GIVEN INFORMATION
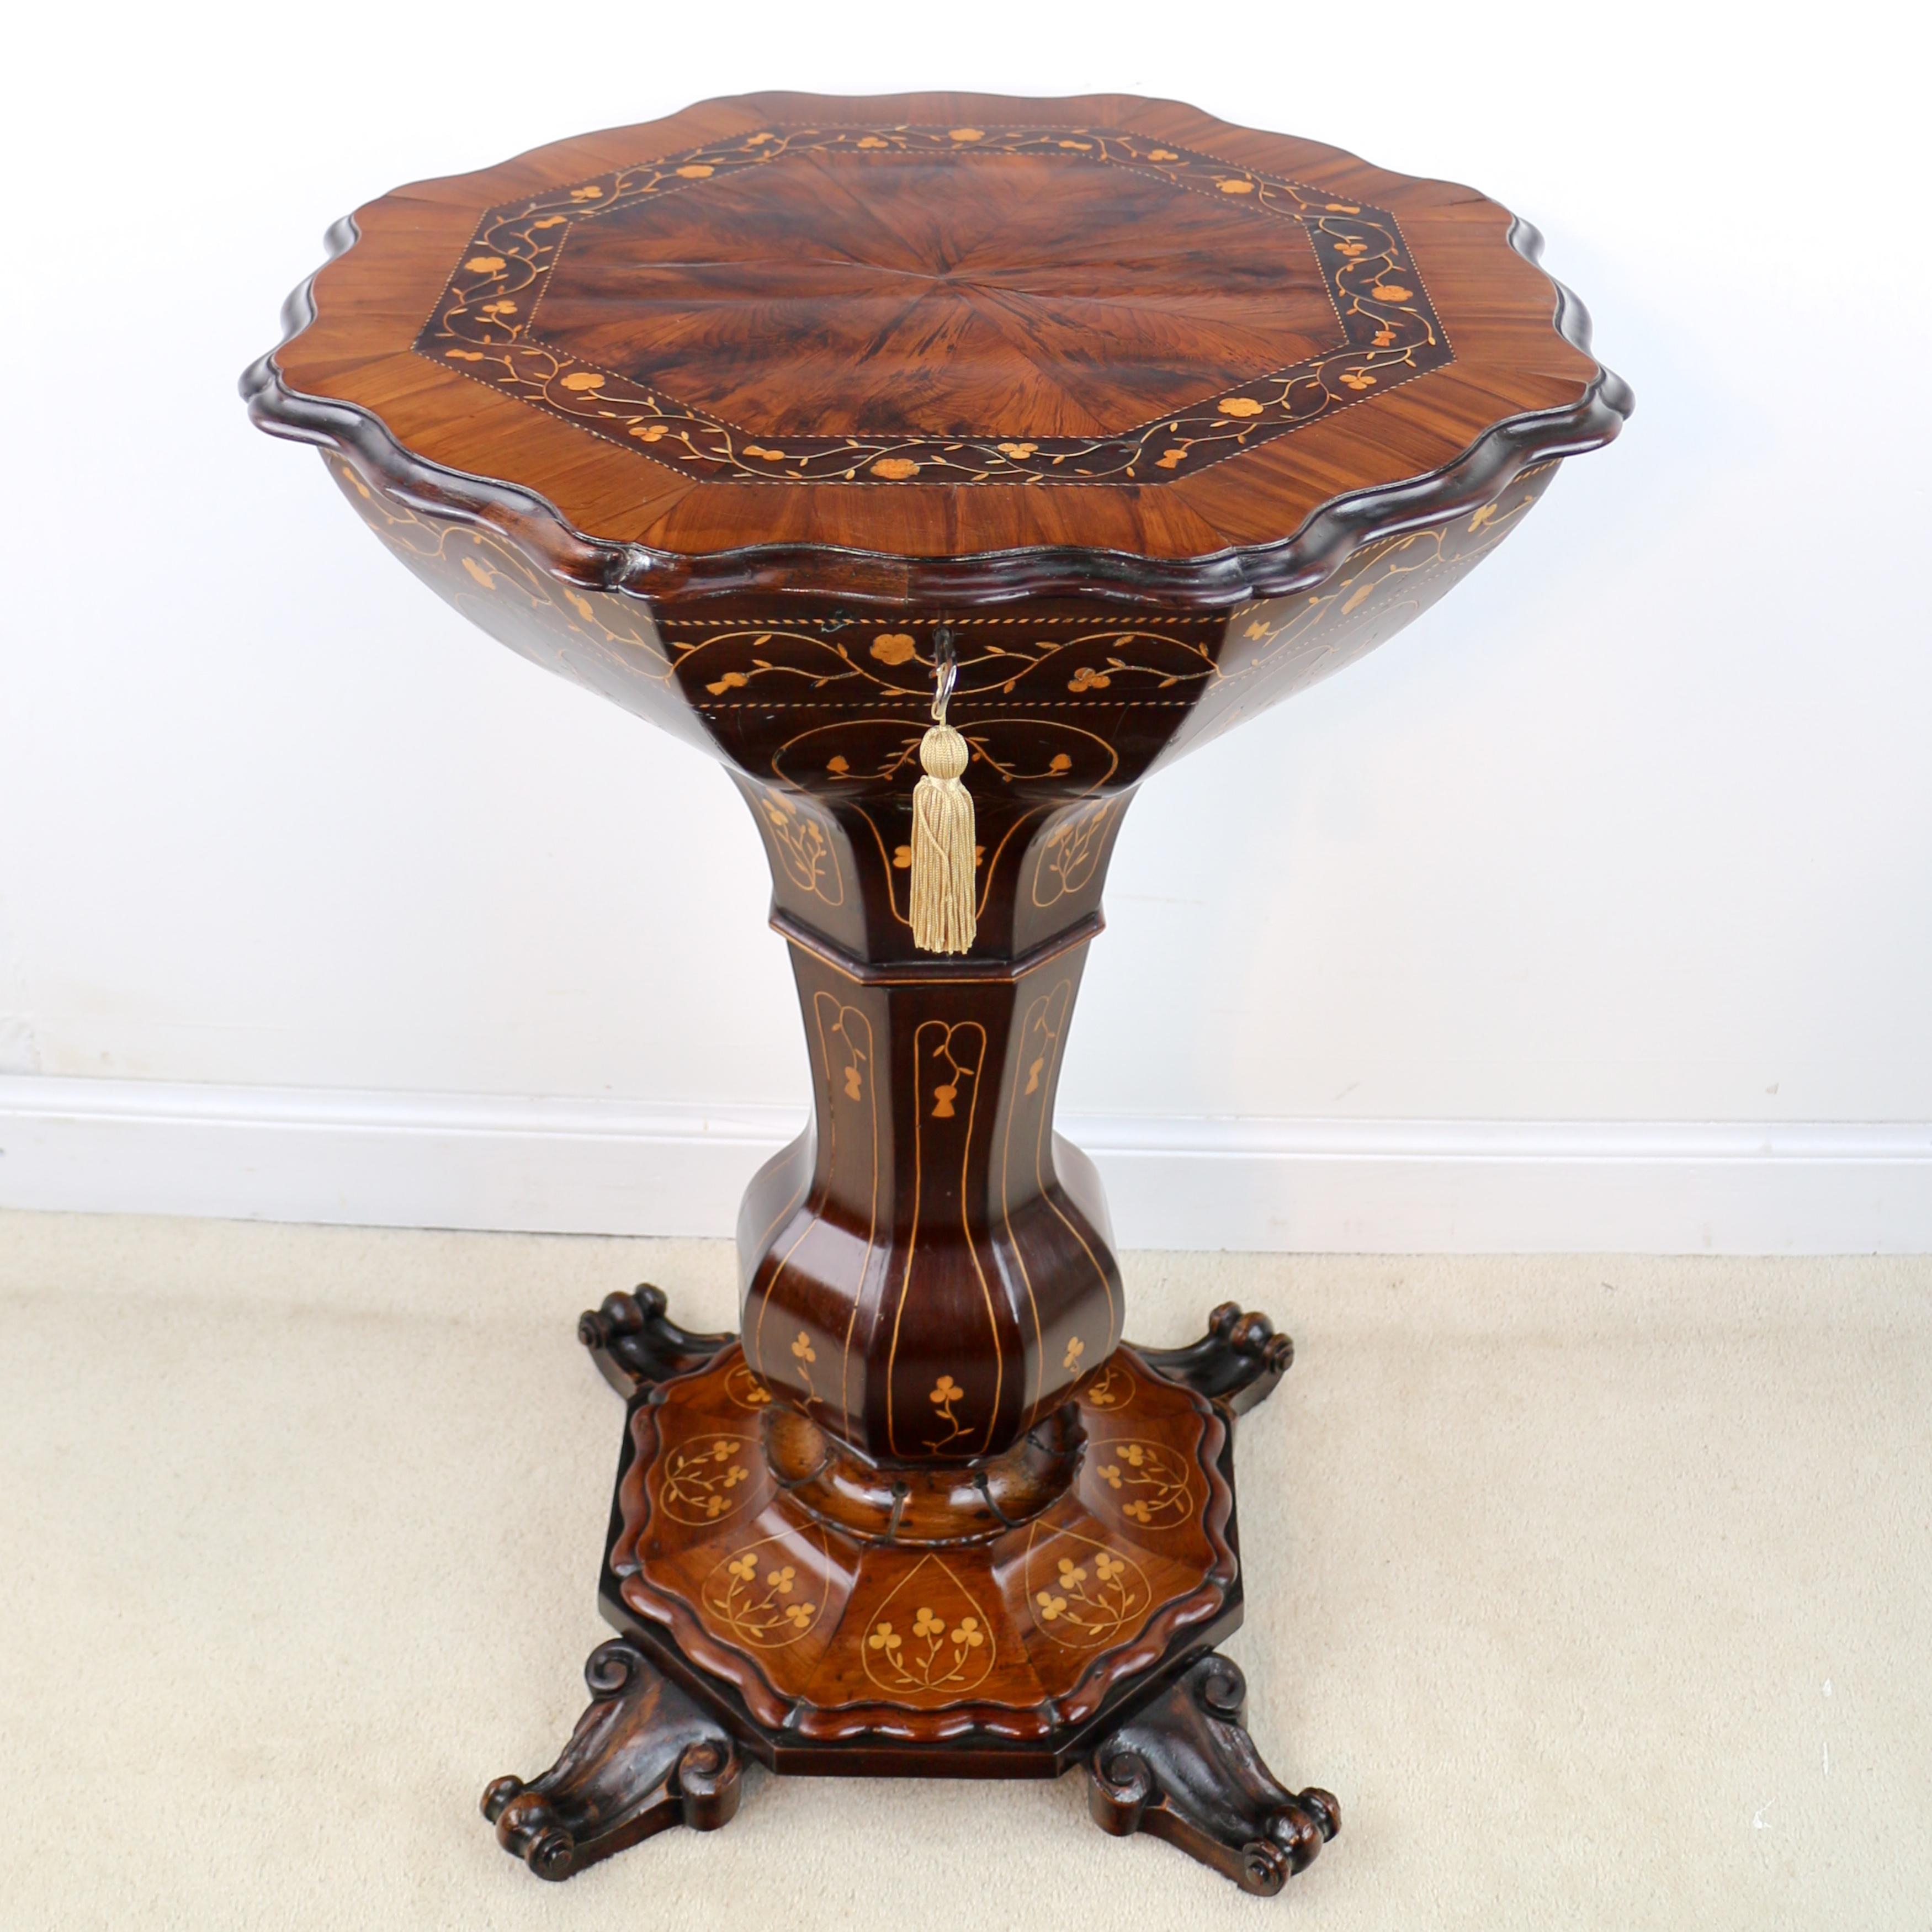 An exceptional quality Irish Killarney ware arbutus work table inlaid throughout with shamrocks, thistles and roses. The shaped octagonal top with radial veneers and opening to reveal a removable sectioned and lidding sewing tray with paper lined
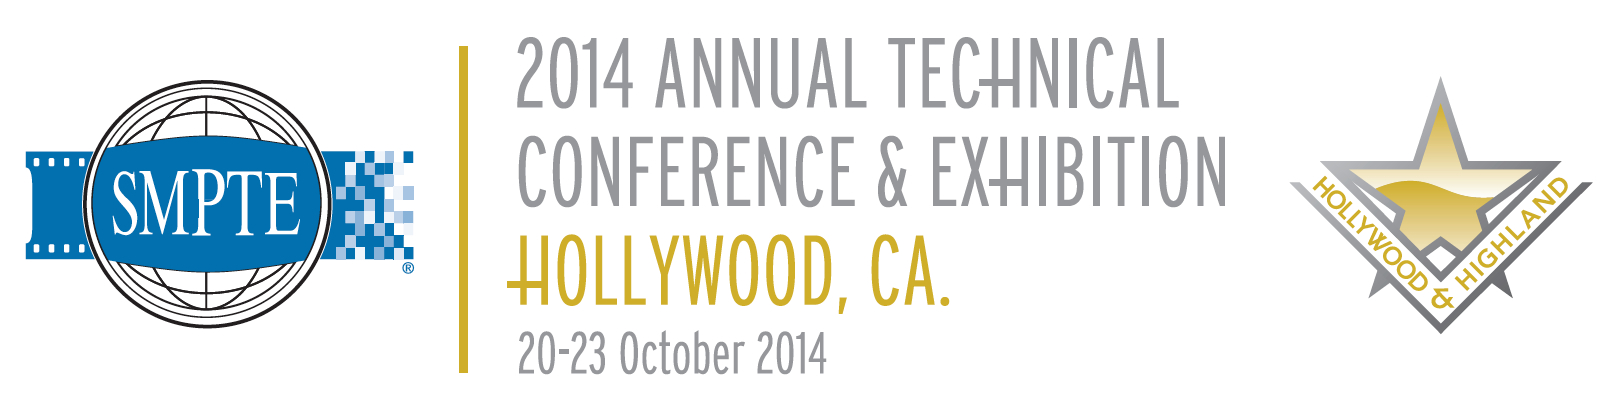 SMPTE 2014 Annual Technical Conference & Exhibition Logo
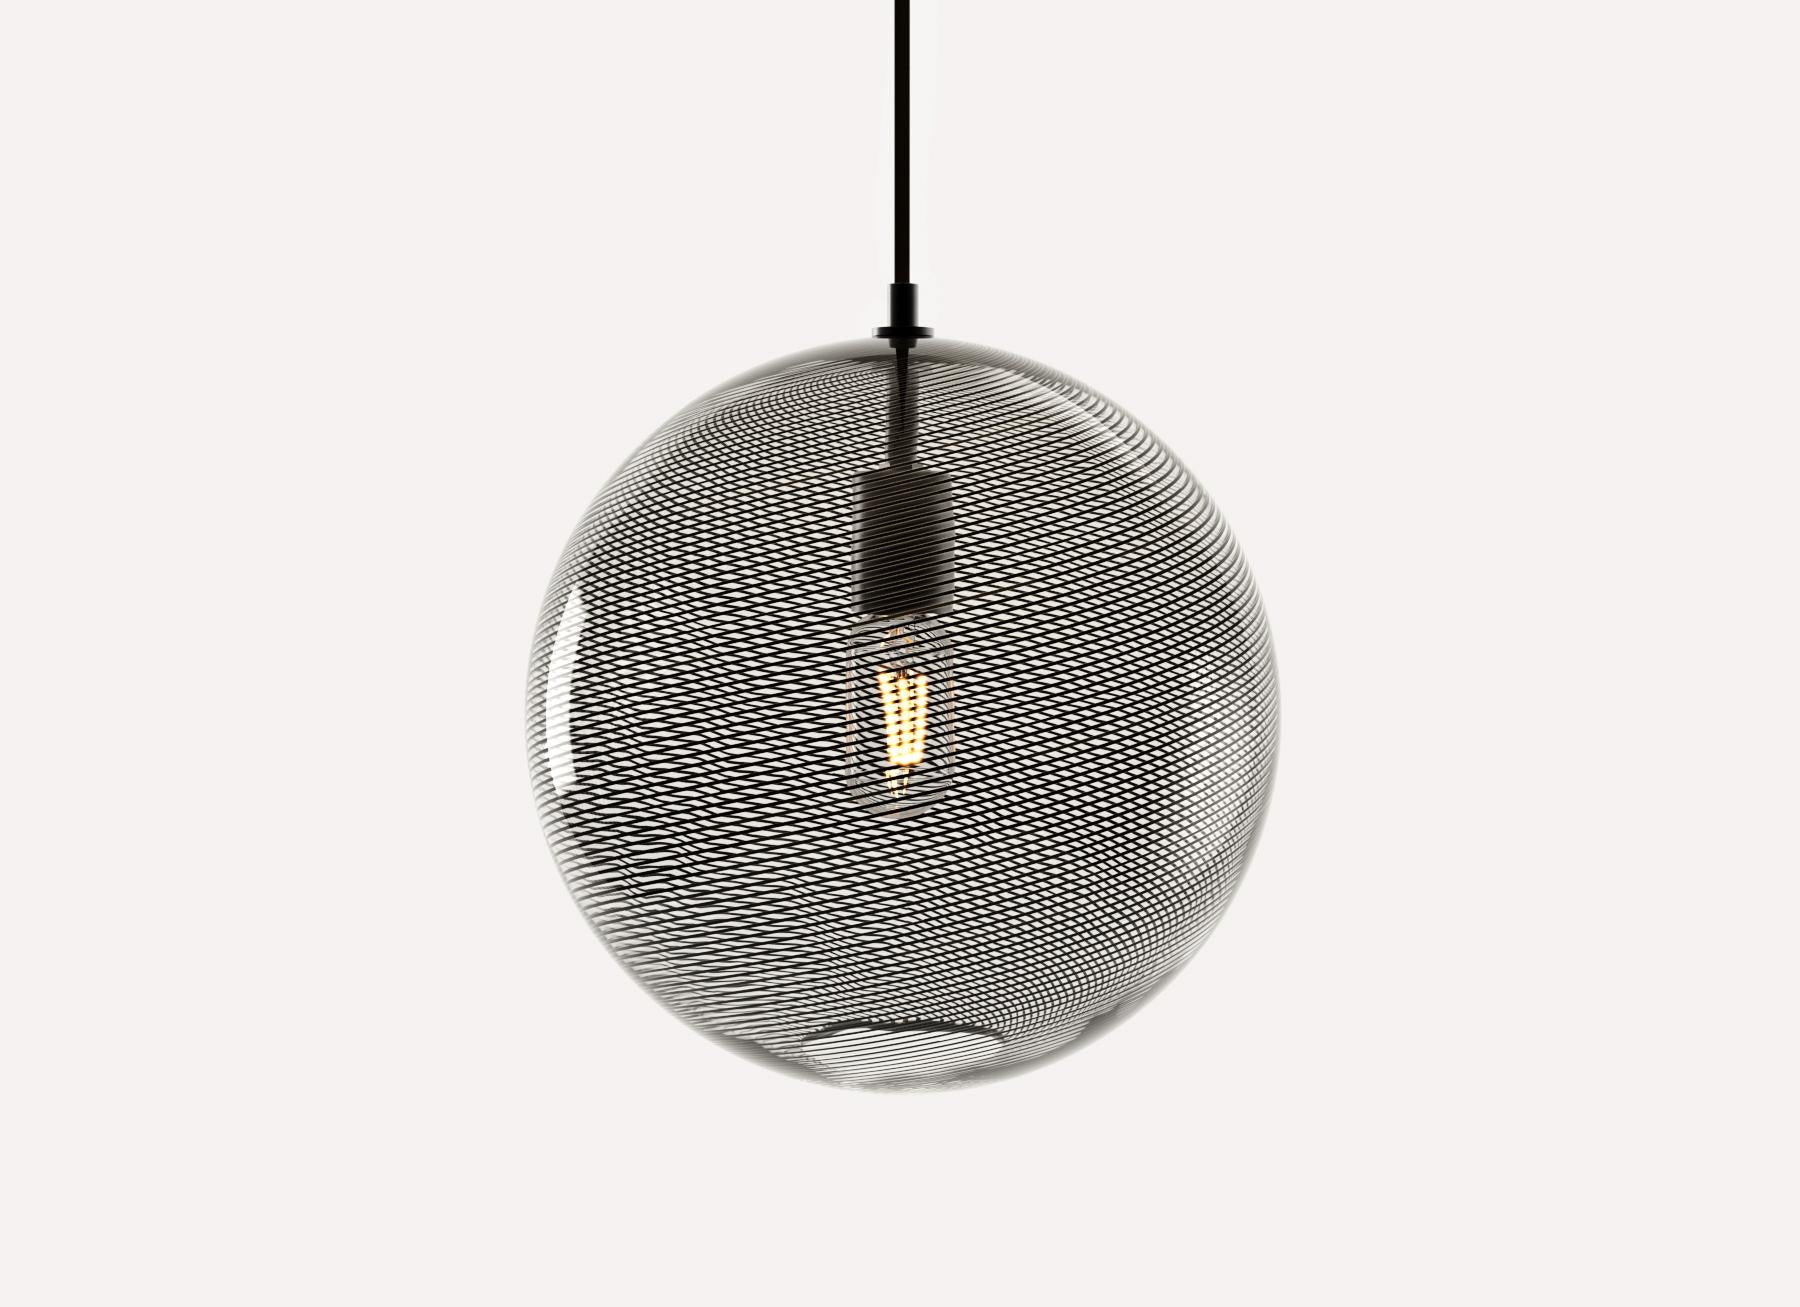 Hand-Crafted KEEP Handblown Glass Globe Pendant Light, Mid-Century Inspired Patterned Glass For Sale
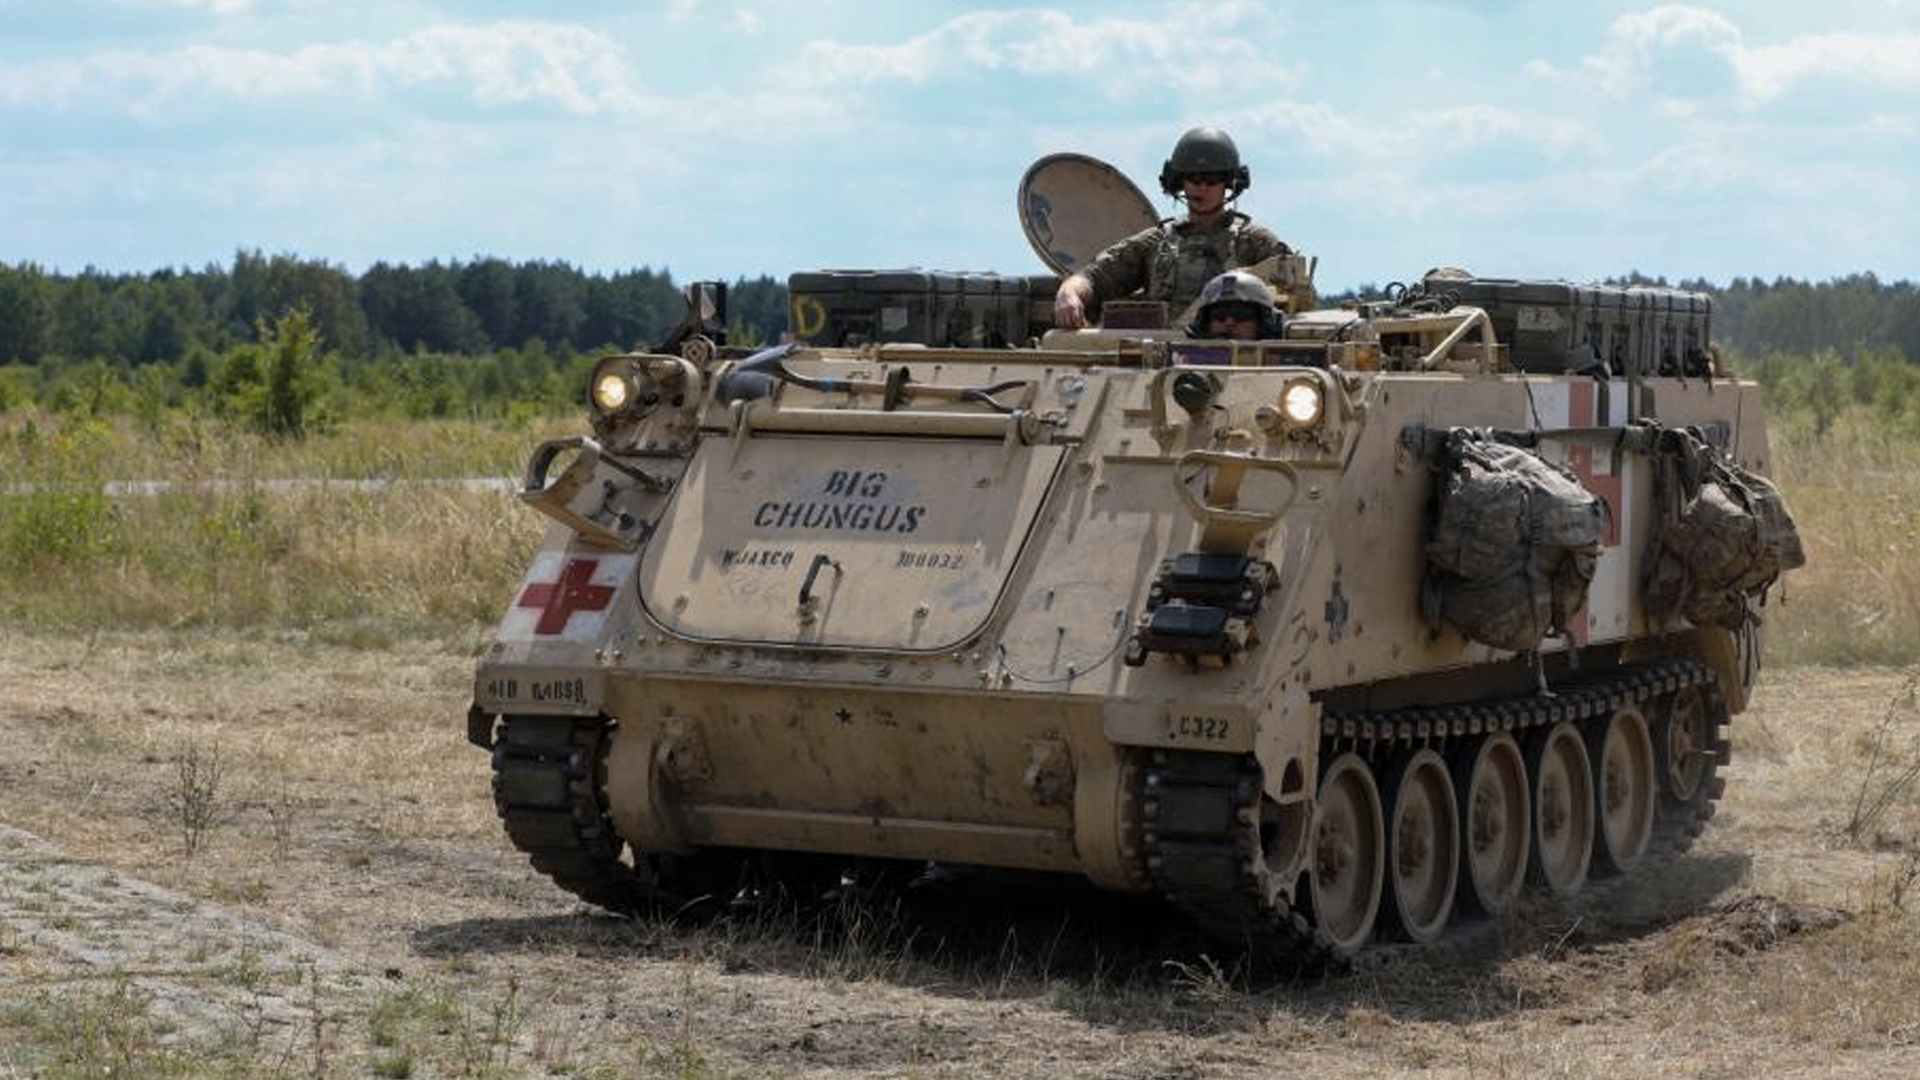 Soldiers named their M113 APC ‘Big Chungus’ because why the hell not

REQUIRED ACTION
Your answer must be an exact copy of the data above, minus its pictures.

YOUR SOLUTION
 An exceptional quality Irish Killarney ware arbutus work table inlaid throughout with shamrocks, thistles and roses. The shaped octagonal top with radial veneers and opening to reveal a removable sectioned and lidding sewing tray with paper lined
 SMPTE 2014 Annual Technical Conference & Exhibition Logo
 Hand-Crafted KEEP Handblown Glass Globe Pendant Light, Mid-Century Inspired Patterned Glass For Sale
 Soldiers named their M113 APC ‘Big Chungus’ because why the hell not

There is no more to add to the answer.